Adjust to Influence Attitudes
Because the conditions and consequences of learning affect attitude, instructors should be able to distinguish the conditions and consequences that increase interest from those that decrease interest. Watch for what promotes your student’s engagement, and do more of those things. Also watch for what diminishes your student’s engagement, and do less of those things.
Produce Benefits for After Instruction
To teach is to attempt to change students in the way that the instructor desires, including for students to be able to articulate or do something that they previously could not, or to feel differently about something. To learn is to be different after instruction. An instructor’s main concern should thus be how students are different after instruction.
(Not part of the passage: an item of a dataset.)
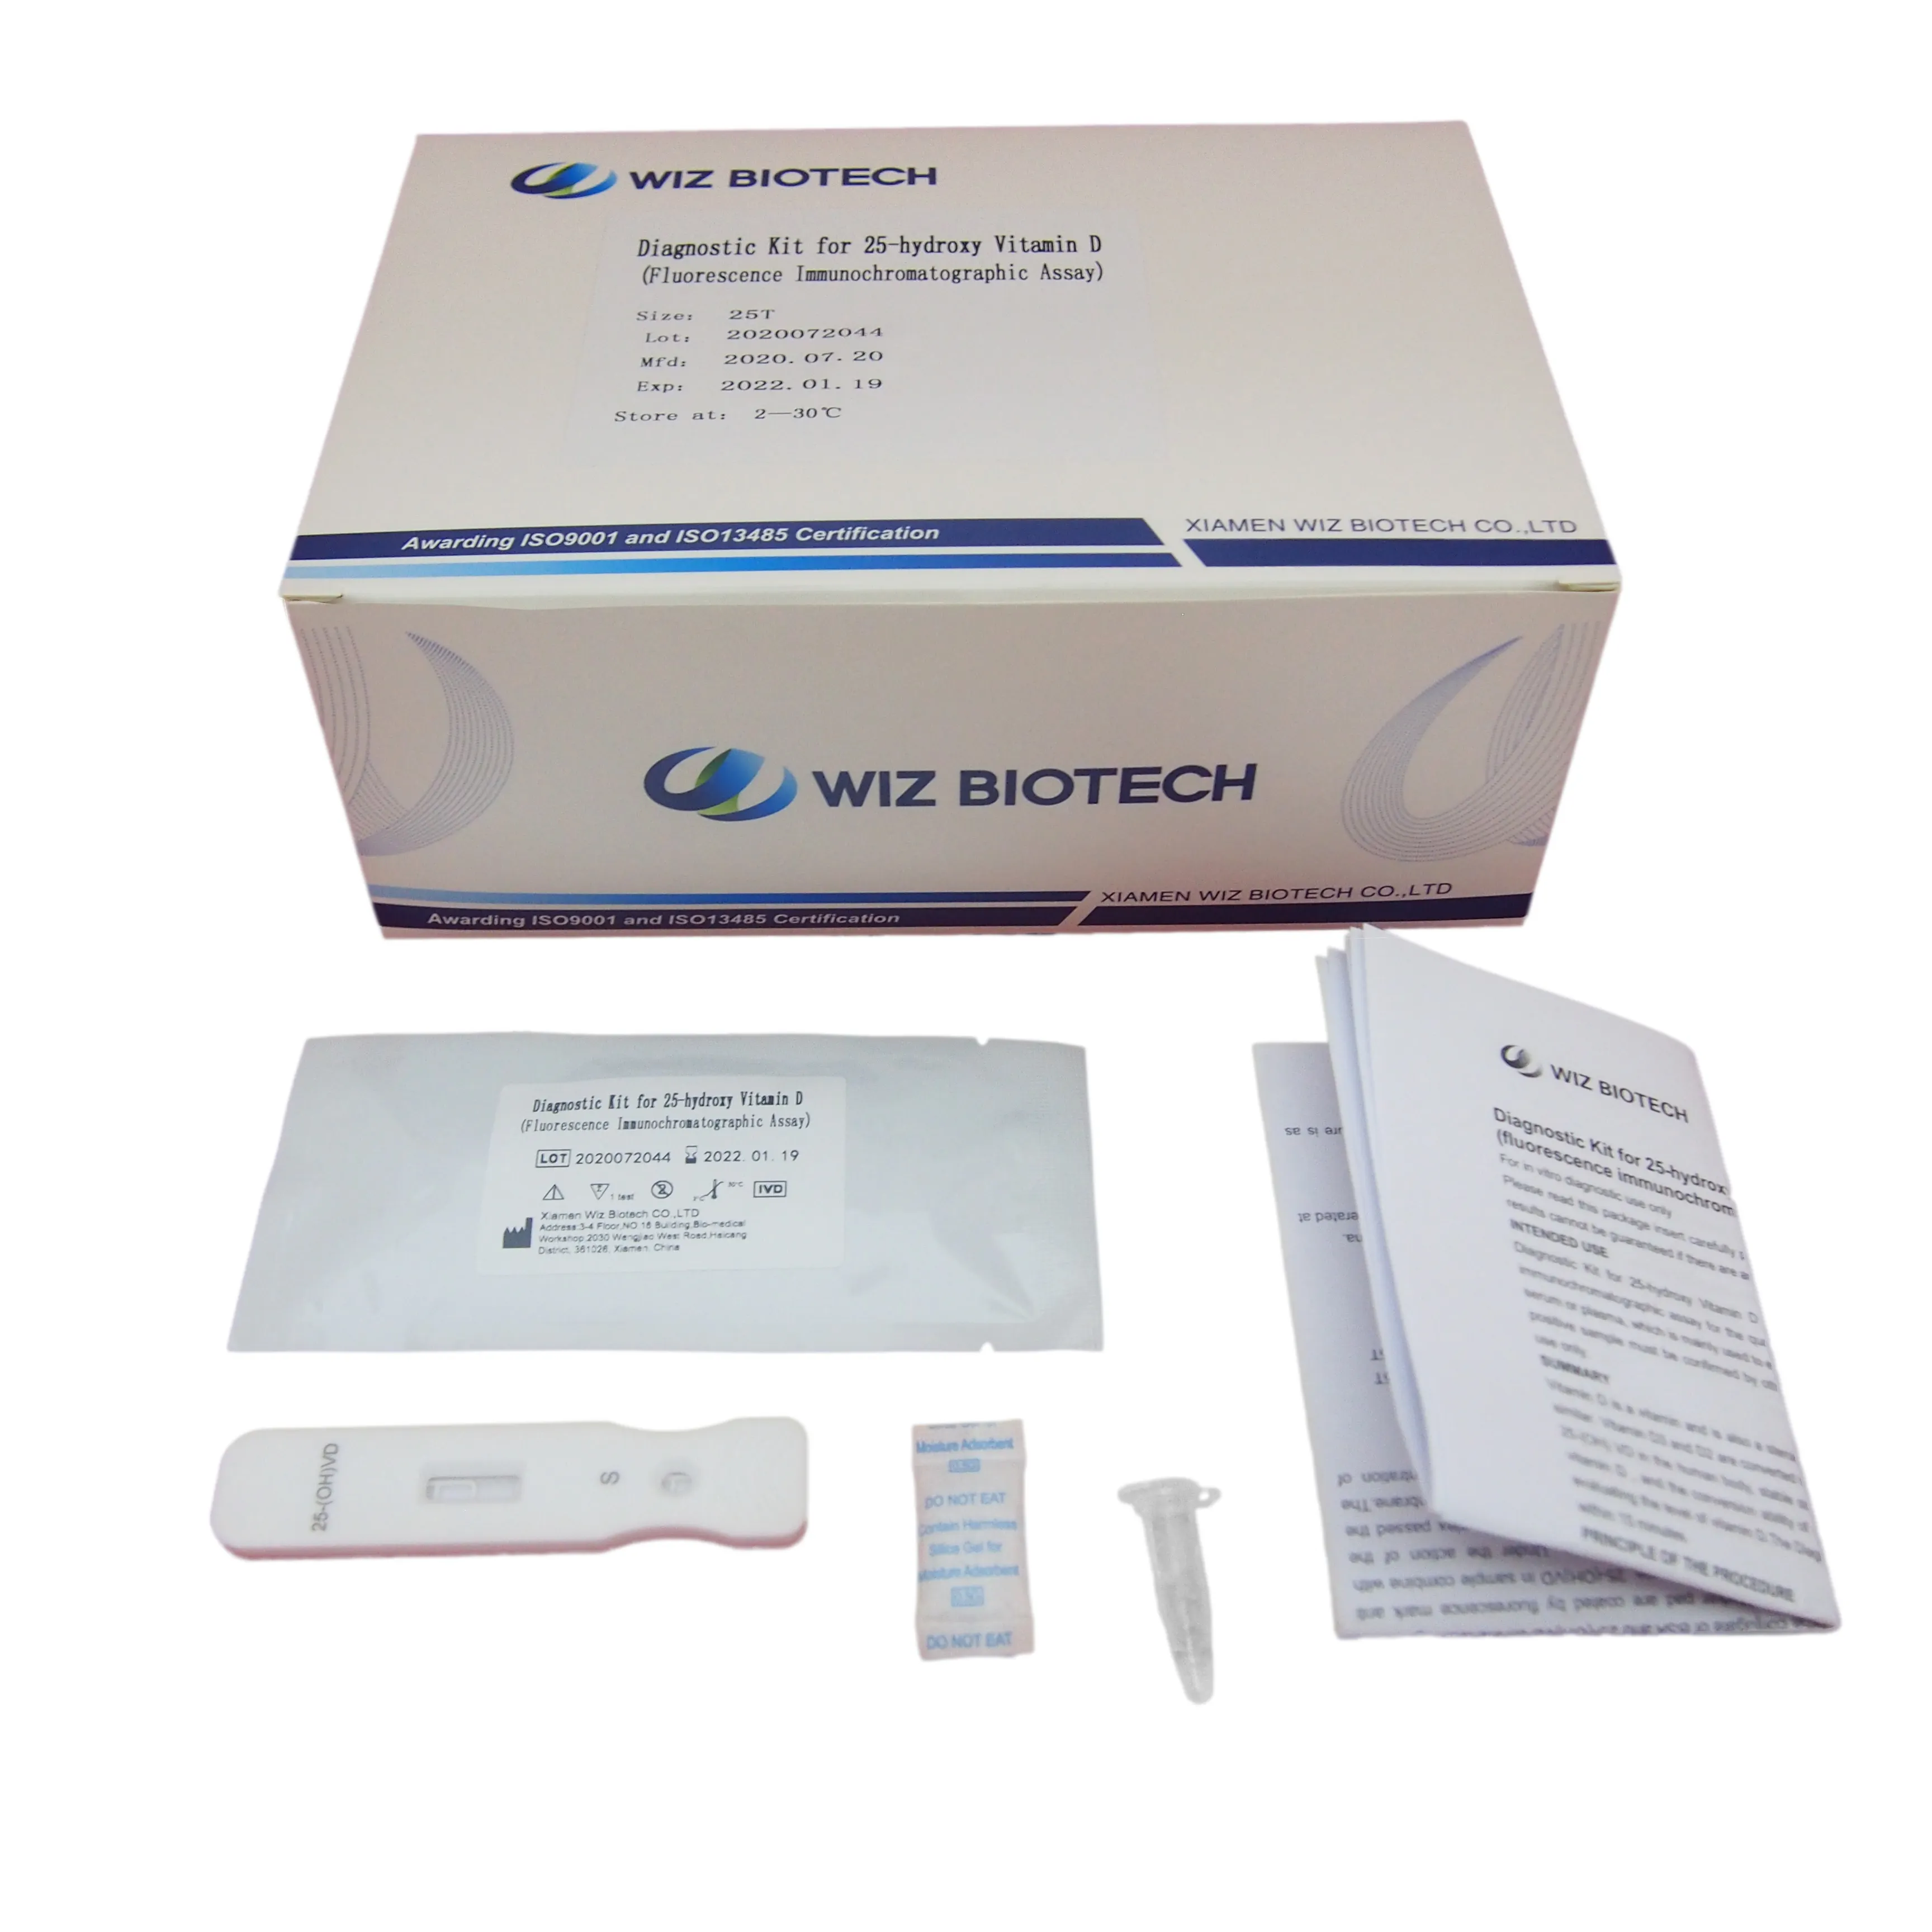 POCT reagent fluorescence Immunochromatographic vitamin D D3 rapid test kit

The attitude you foster in students toward their own learning can be one of those post-instruction gifts that students can retain.
Develop a Keen Eye and Sensitivity
Other persons also influence learning, but instructors take direct responsibility to influence learning and must therefore do what they can, within resource and role constraints, to achieve it. Instructors cannot always know when students are learning. Instructors must instead accentuate things that positively influence learning while diminishing things that negatively influence learning. Much of what instructors need to know about students, like their attitude, their knowledge, and their understanding, instructors must infer. Instructors infer only from visible behavior. Develop a keen eye for observing student behavior, and adjust practices to promote positive engagement.